That's when I stopped reading, the only way to make me go on would have been knowing that he died a painful and protracted death.

Then, well, I'm a woman for many of us rape isn't exacly a 'neutral' topic.


----------



## Ann in Arlington (Oct 27, 2008)

The rape scene in TC the U didn't bother me specifically: he's in a completely foreign place, no idea what's going on, probably half out of his mind and not at all sure what he's doing and, oh, by the way, suddenly feels more healthy than he has in years.  Forgivable? No. Understandable? Yes.  

HOWEVER, all that aside,  the guy is thoroughly unlikeable.  I can totally see why people would say "Why do I even care?" and give up.  I probably would have done so myself if not for Saltheart Foamfollower.   I mean, I totally get that a main character should have a few flaws to make them relatable. . .but they shouldn't be downright despicable, in my opinion.   I got really tired of reading about good deserving people who he kept stabbing in the back because he was such a poor excuse for a human being.  And, yes, a little tired of them letting him get away with it. 

Mind you. . . I read the things 30 years ago. . . .I'm relating the feeling that has stayed with me. . . .


----------



## Zackery Arbela (Jan 31, 2011)

Another book that tends to get forgotten nowadays is Nikolai Tolstoy's (yes of THOSE Tolstoys) the COMING OF THE KING, a retelling of the tale of Merlin that draws heavily from the original Celtic influences. Back in the 80's and 90's there was a huge boom in Arthurian fantasy. It was supposed to be the start of a new series, but for some reason no further volumes ever got written.


----------



## Sean Patrick Fox (Dec 3, 2011)

I would say the _Chronicles of Amber_ series by Roger Zelazny is "underrated" because I suspect not many people read them nowadays. I've read the first three, and they're a far cry from typical fantasy fare. For me, they're a once-in-a-while type of read, but when that times comes I enjoy them a great deal.


----------



## NogDog (May 1, 2009)

Sean Patrick Fox said:


> I would say the _Chronicles of Amber_ series by Roger Zelazny is "underrated" because I suspect not many people read them nowadays. I've read the first three, and they're a far cry from typical fantasy fare. For me, they're a once-in-a-while type of read, but when that times comes I enjoy them a great deal.
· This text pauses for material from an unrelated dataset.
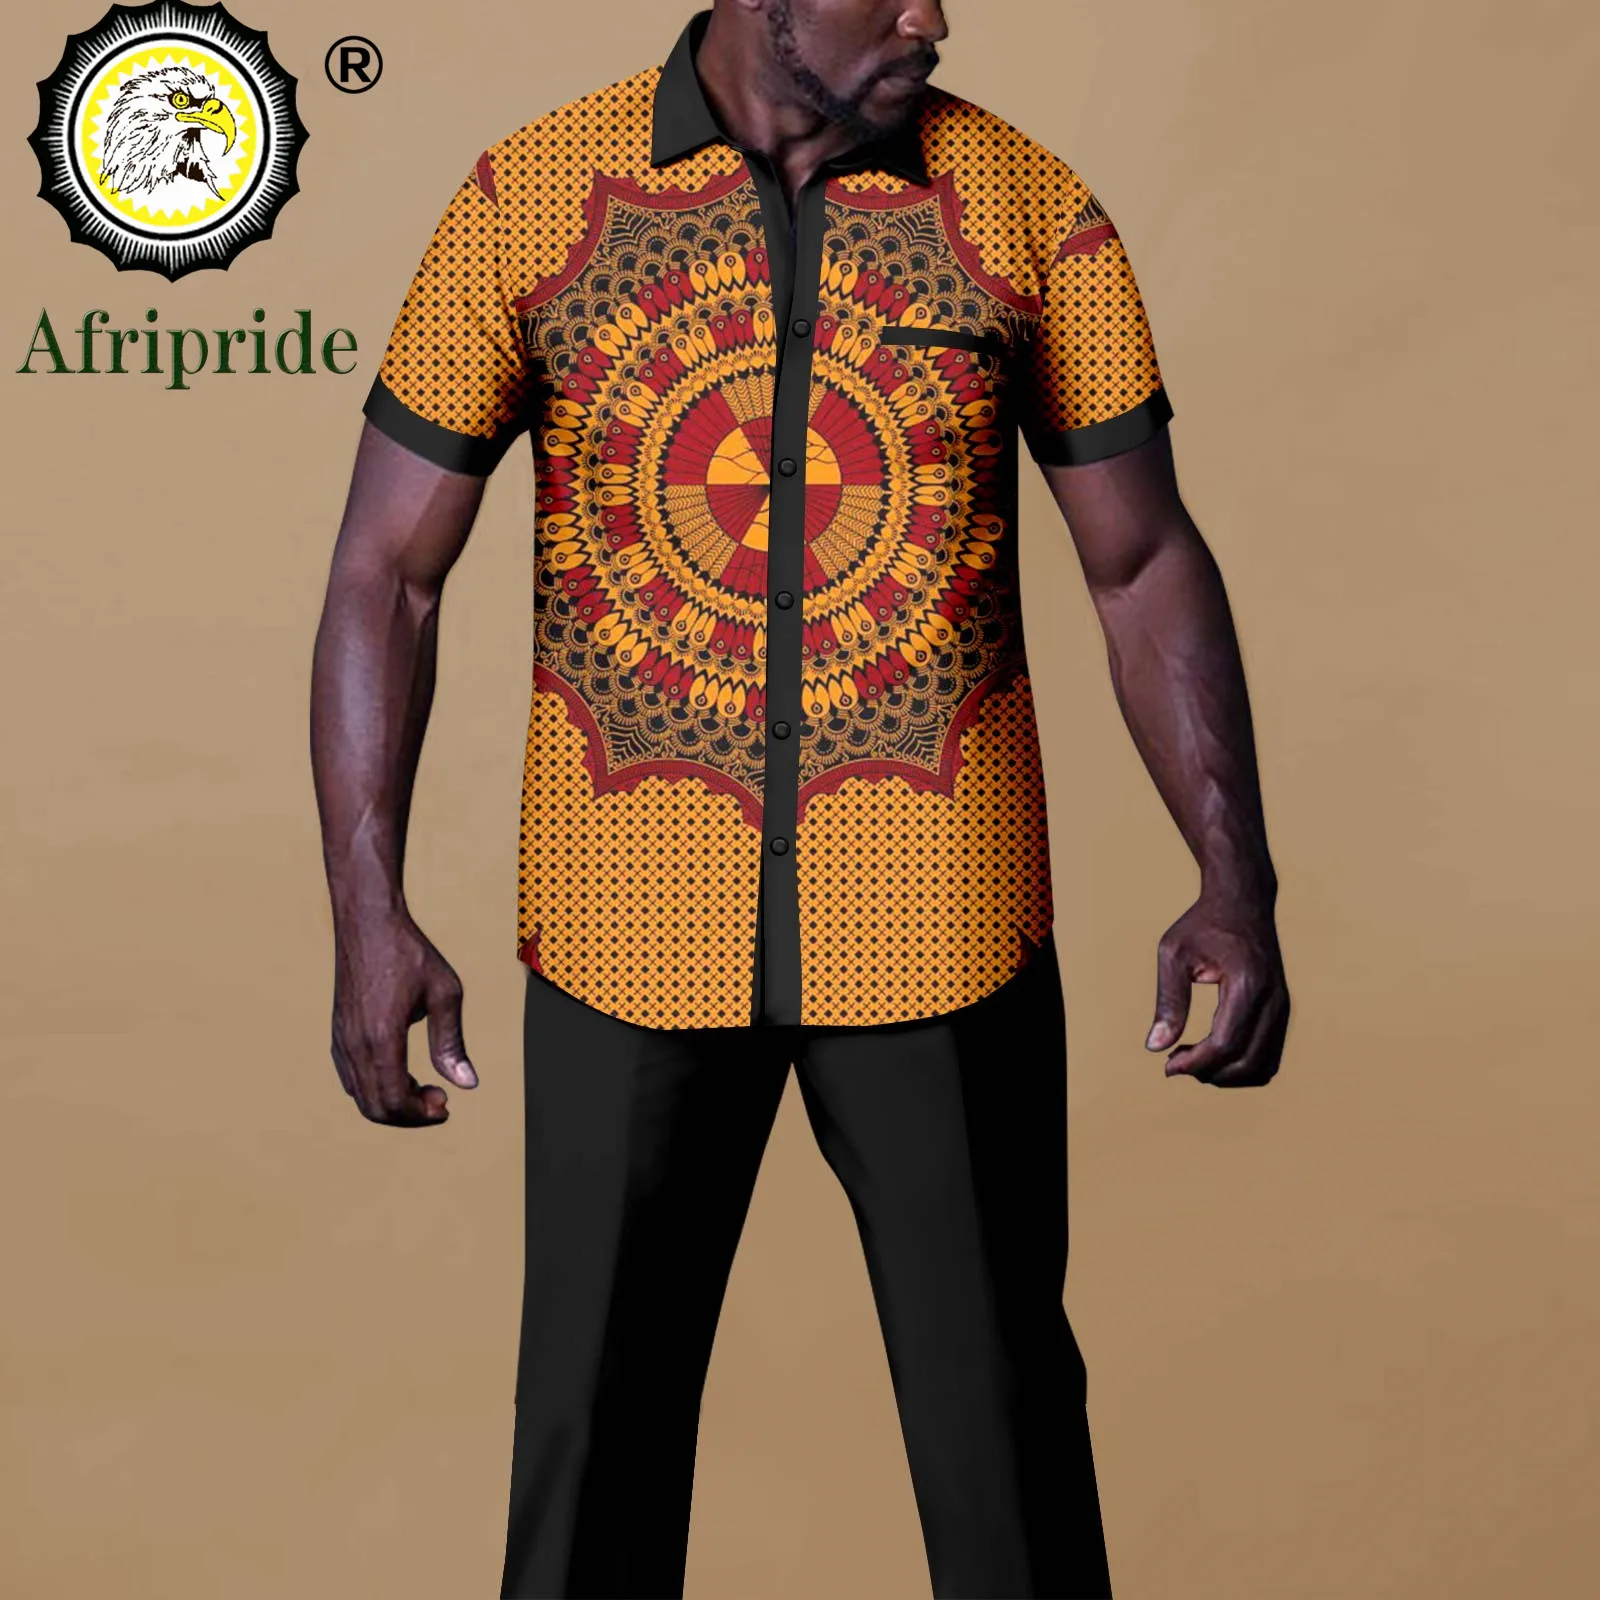 2023 dashiki men tracksuit 2 piece african shirts and ankara pants suits plus size outwear clothes wear afripride a1916057 African Outfits for Men Tracksuit Short Sleeve Print Shirts and Pants Set Dashiki Outfits Plus Size Casual Sweatsuits A2216089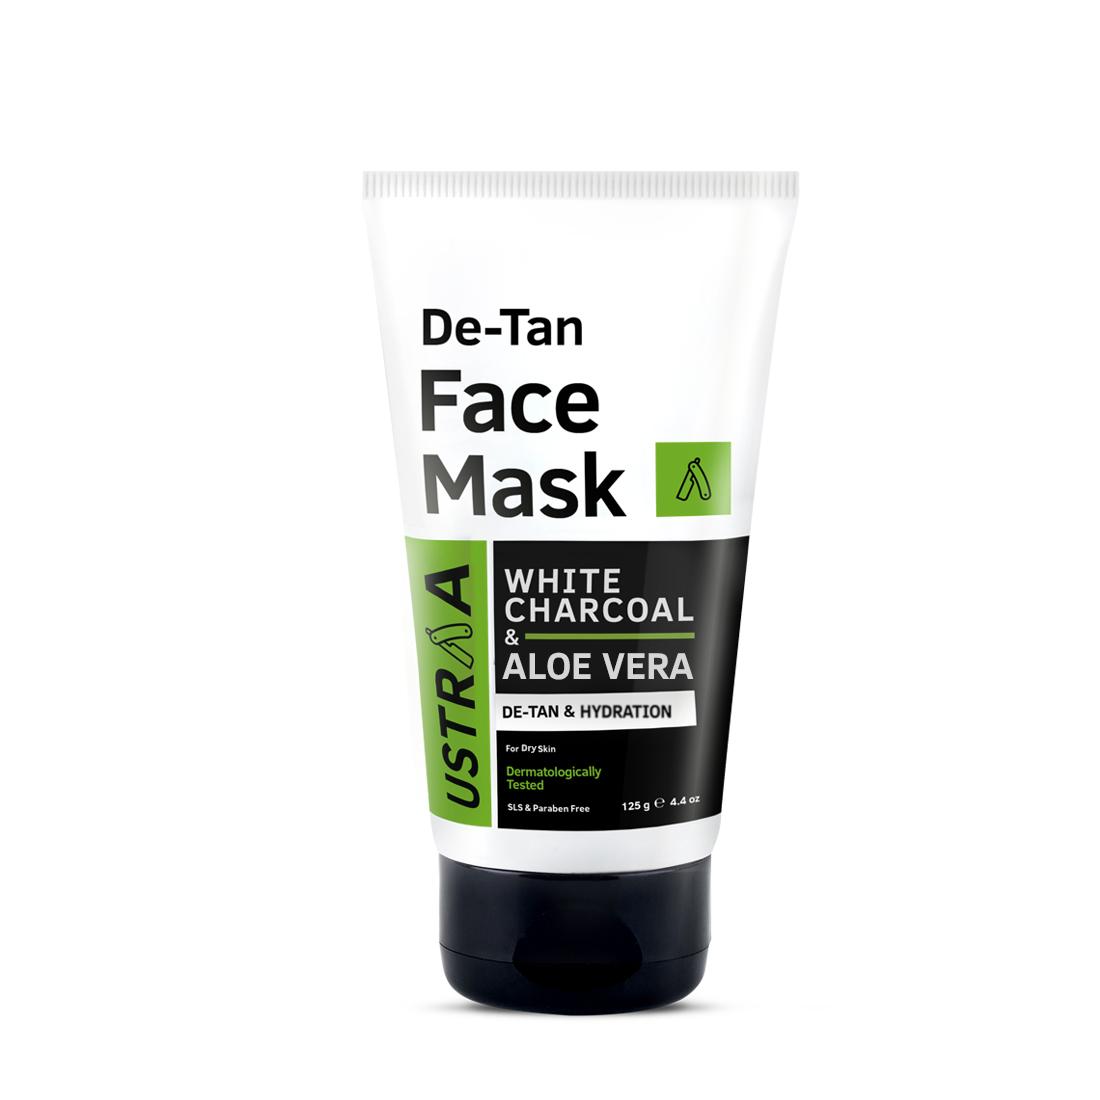 Ustraa De Tan Face Mask for Men with Dry Skin  125 g - For Tan Removal and Even Skin Tone with Kaolin Clay, White Charcoal, Aloe Vera and Olive Oil

If by "first three" you mean the first three books of the original series, *how did you stop there and not read the final two books?!!!* 

Those five books (at most a few pages more than one G.R.R. Martin tome) are probably my favorite "book" of any genre, and I've been reading them more or less yearly since I discovered them in the late '70s.

(Disclaimer: I am a huge Roger Zelazny fan -- see my sig -- and own everything of his I could get my hands on.)


----------



## Tony Richards (Jul 6, 2011)

Zackery Arbela said:


> Another book that tends to get forgotten nowadays is Nikolai Tolstoy's (yes of THOSE Tolstoys) the COMING OF THE KING, a retelling of the tale of Merlin that draws heavily from the original Celtic influences. Back in the 80's and 90's there was a huge boom in Arthurian fantasy. It was supposed to be the start of a new series, but for some reason no further volumes ever got written.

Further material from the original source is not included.